__Dataset content__.
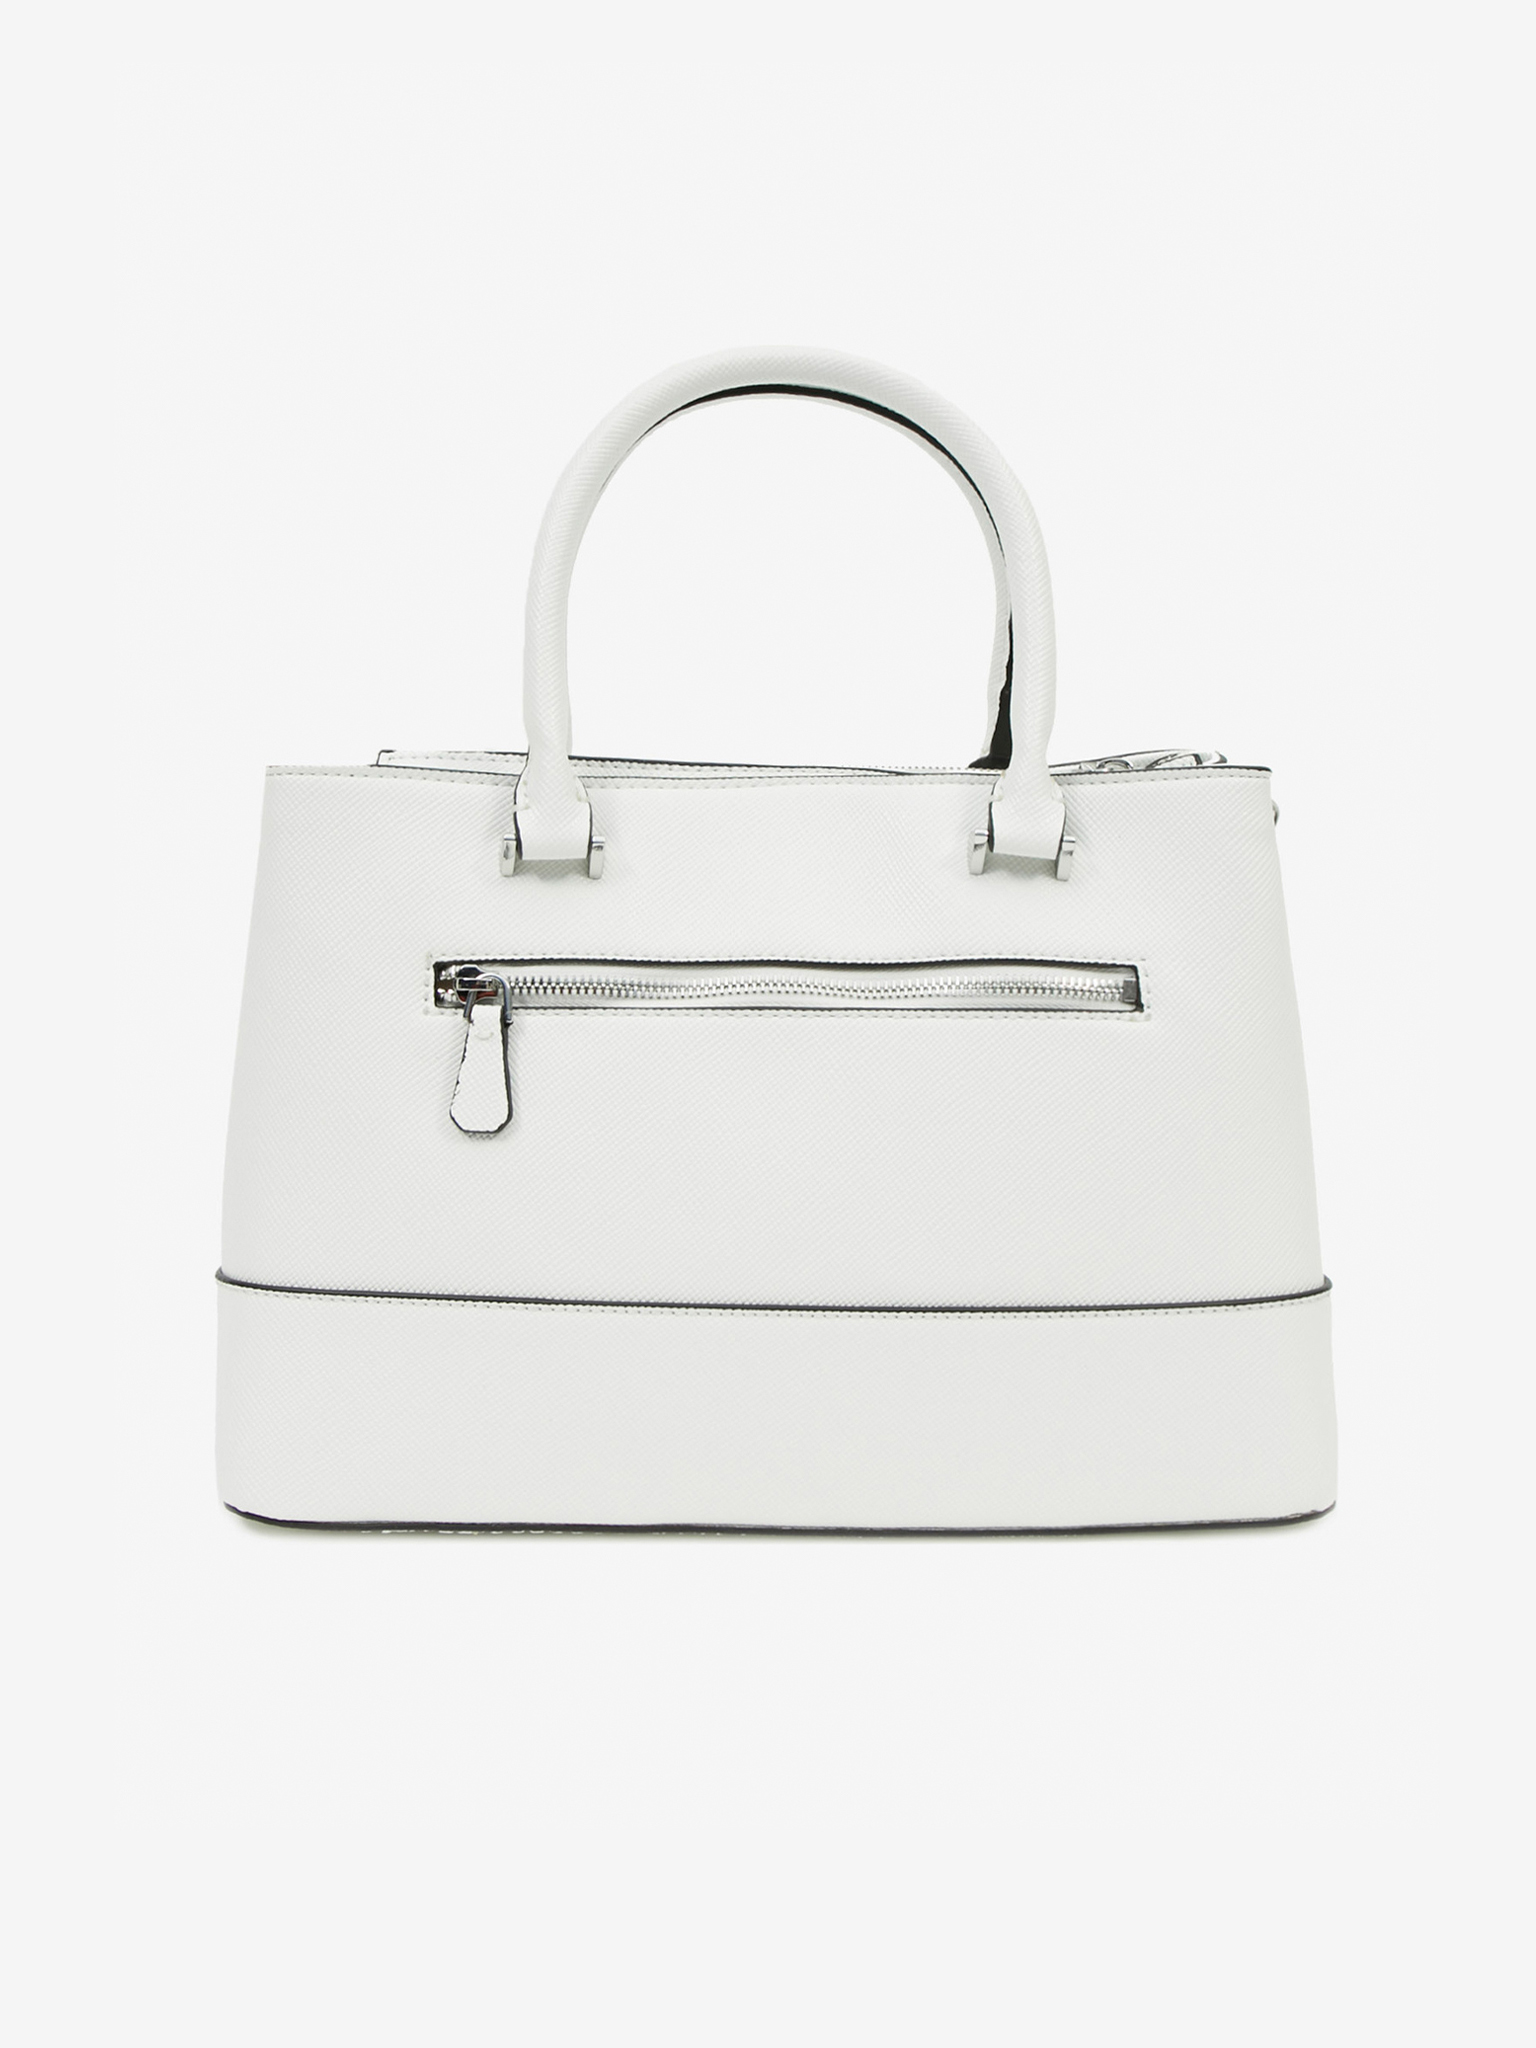 Guess white handbag Cordelia Luxury
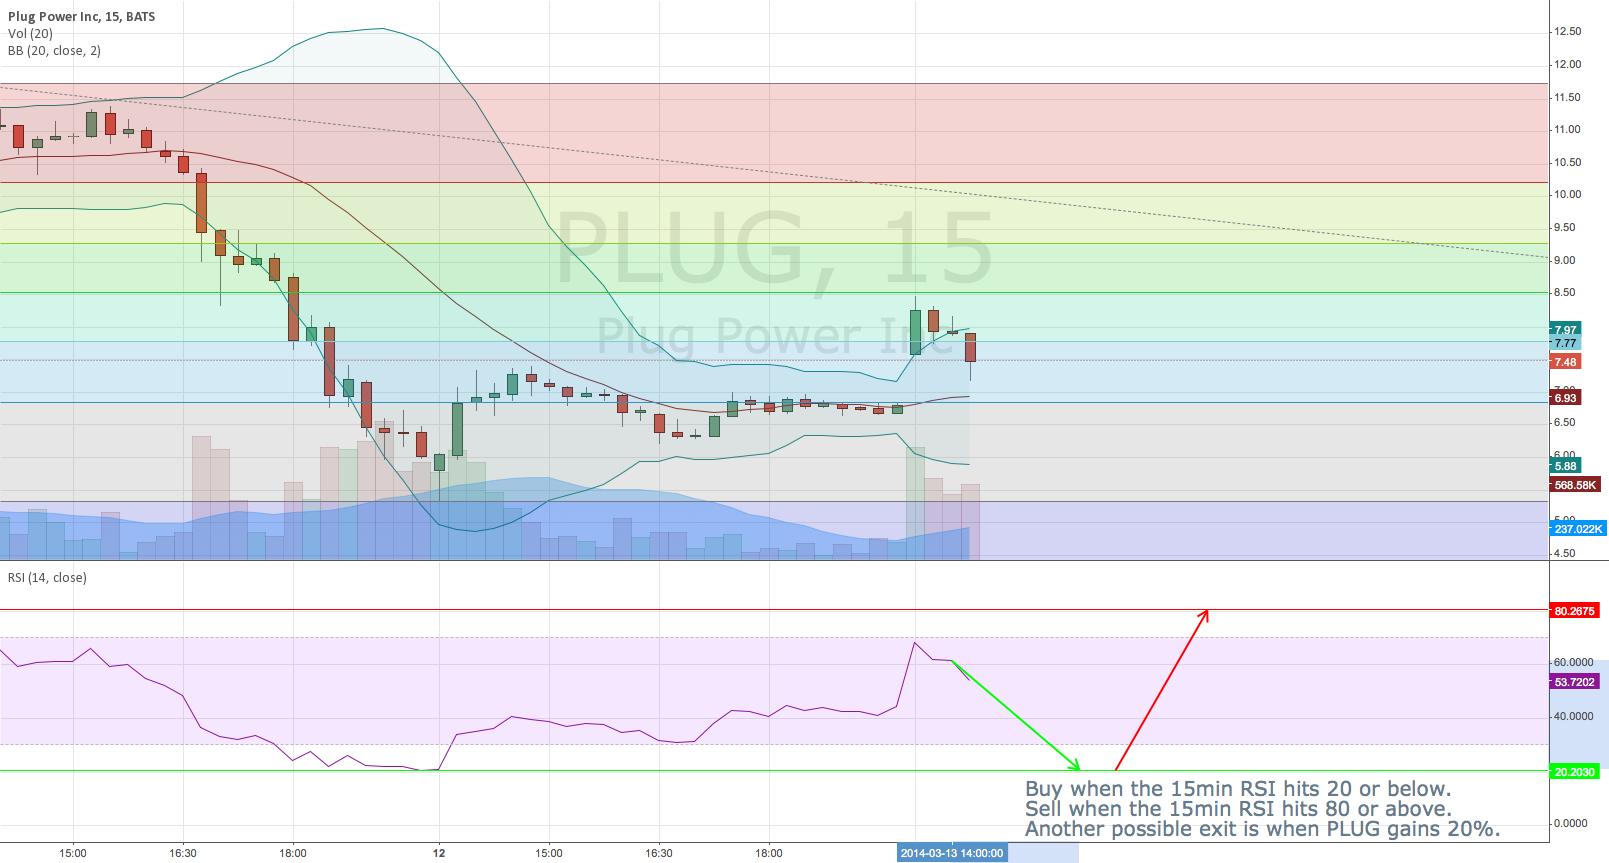 PLUG Short Term RSI Strategy Using 15 min Chart.
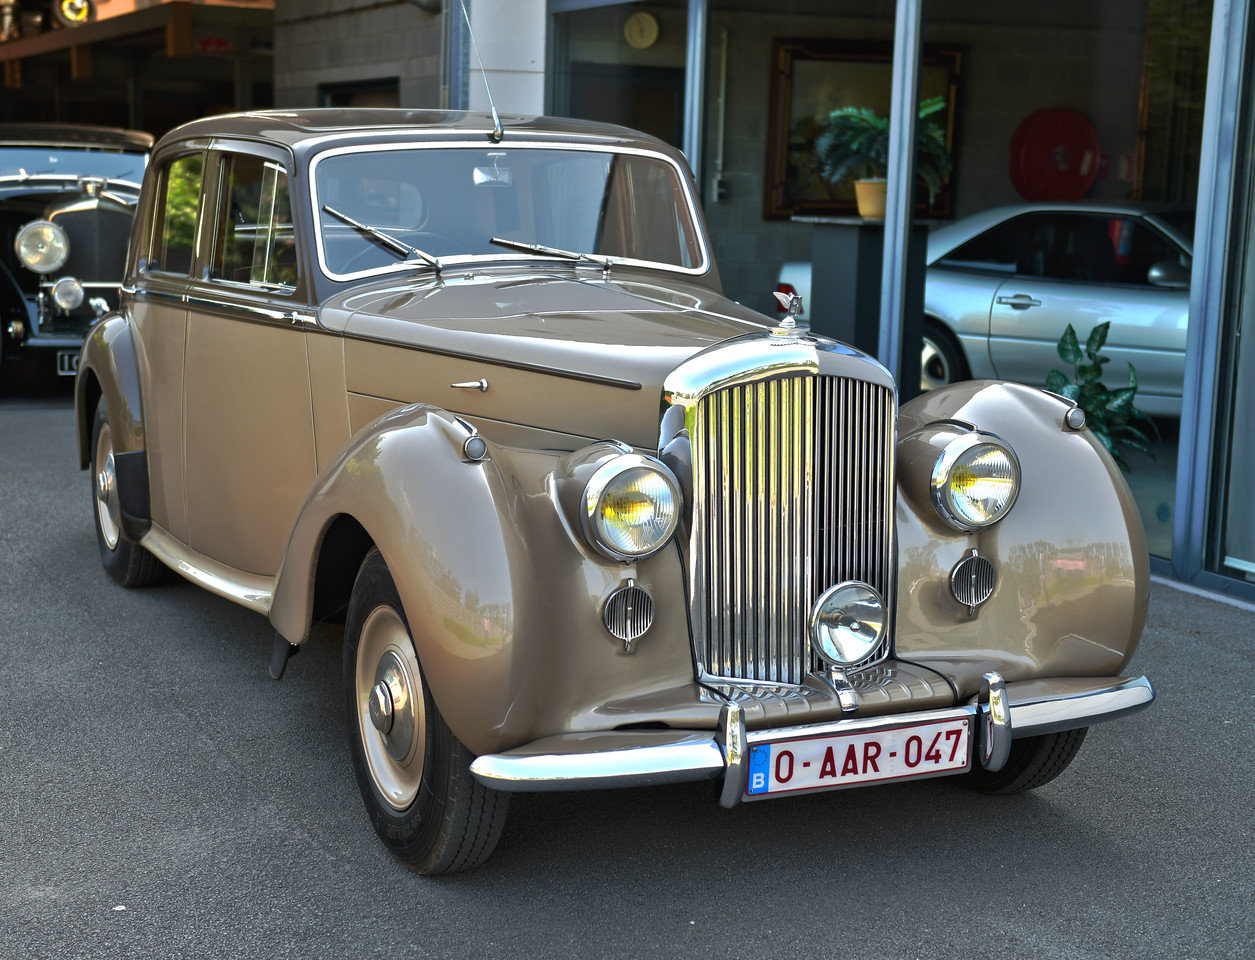 1949 Bentley Mark 6 Standard Steel Saloon For Sale (picture 1 of 6)

__Work to be completed__. Copy every line above exactly; images stay out.

__Result for this exercise__.
 Guess white handbag Cordelia Luxury
 PLUG Short Term RSI Strategy Using 15 min Chart.
 1949 Bentley Mark 6 Standard Steel Saloon For Sale (picture 1 of 6)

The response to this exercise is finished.